Data store persistence consists of a sequence of changes, each of which is a snapshot or a delta. A snapshot contains a full copy of the entire content of the data store, whereas a delta contains only the incremental changes introduced in a single transaction. The time and disk space needed to save a snapshot are proportional to the size of the full data store content, whereas the time and disk space needed to save a delta are proportional to the size of the change since the previous version. Persisted data of a data store consists of an initial snapshot, followed by a sequence of deltas and snapshots that detail the content of further transactions applied to the data store. Snapshots and deltas are created automatically by RDFox on any data store that uses persistence as follows.

  • When a transaction is committed and auto-compaction is not required (see Section 5.2.4 and Section 5.4.2.1), a delta describing the changes in the transaction is saved.

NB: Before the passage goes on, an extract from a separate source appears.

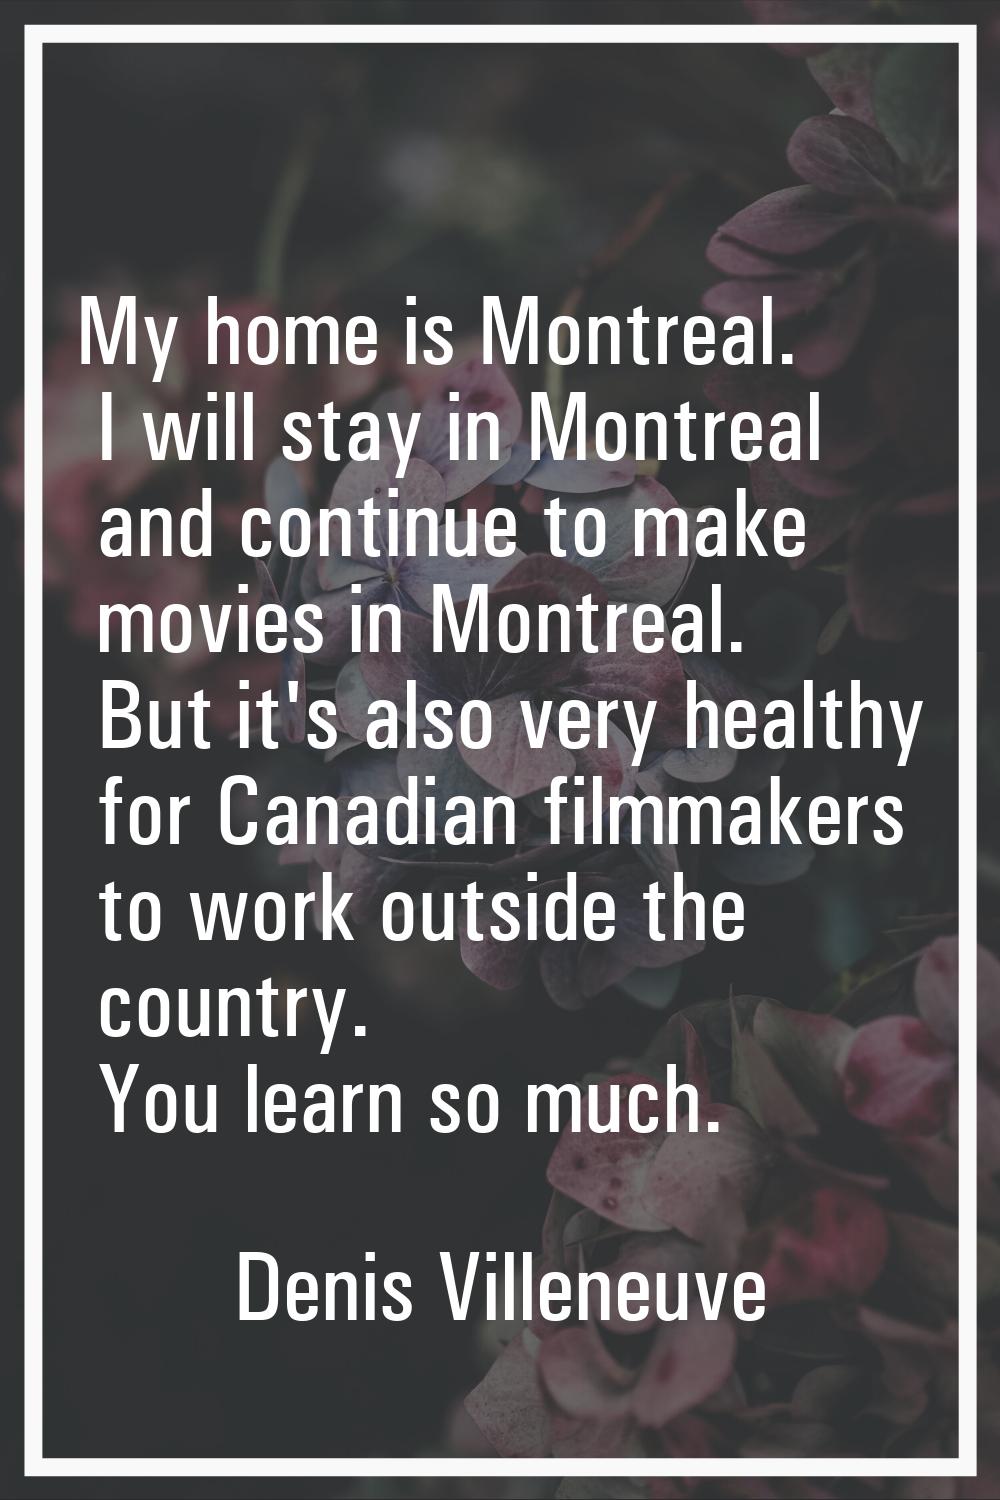 My home is Montreal. I will stay in Montreal and continue to make movies in Montreal. But it's also

  • When a data store is compacted (either explicitly or automatically), a new snapshot of the data store is saved. Depending on how exactly persistence is configured and how compaction is performed, this snapshot either replaces all existing persisted data, or it is saved in addition to all existing changes. Either way, when the RDFox server is restarted, data store loading will start from the most recently saved snapshot. Thus, compacting a data store has the potential to reduce both the disk space used and the time needed to start an RDFox instance.

The server catalog and the list of available roles are typically small, so they are always saved as snapshots.

13.2. Configuration

In order to use any form of persistence, an RDFox server must be configured with a server directory, which will be used to save and load persisted data. Persistence is controlled by the persistence server parameter, which can be set to off (no persistence), file, or file-sequence. The file and file-sequence options are described in the following sections. Even when persistence is enabled at the server level, it may be disabled at the data store level by setting the persistence data store parameter to off.

13.2.1. file persistence

The file persistence option stores the persisted content (the data store catalog, the list of available roles, and the content of a data store) in a single file. The data store catalog and the list of available roles are always saved as a snapshot. The content of a data store is saved as a snapshot followed by zero or more deltas. When a data store is compacted, the saved data is replaced by a fresh snapshot, which is extended by deltas as further transactions are committed on the data store. The process of compacting a data store first saves the current snapshot into a new file, and then it atomically replaces the old file with the new file. Consequently, compacting a data store eventually frees the storage occupied by any deltas written after the snapshot, but it may temporarily use additional disk space in order to hold both the old and the new files.

A server directory containing this persistence type can only be used by one RDFox server at a time. RDFox ensures that this is the case by seeking an exclusive lock on the directory when the server instance is created and exiting if the lock cannot be obtained.

RDFox will update the persisted data in a way that is in most cases resilient to RDFox crashing or the system losing power during the saving process. Specifically, if saving of a delta is interrupted for any reason, RDFox will undo any changes made to the data the next time the RDFox process is restarted; in this way, RDFox provides ACID guarantees for transaction updates.

While RDFox guarantees consistency of persisted data due to RDFox crashes and power failure, RDFox is not immune against external damage to persisted files. RDFox will attempt to detect such corruption as follows.

  • When data is encrypted, the encryption algorithm itself offers protection against corruption: decrypting a damaged file will produce data that has a very high chance to be detected by RDFox as invalid.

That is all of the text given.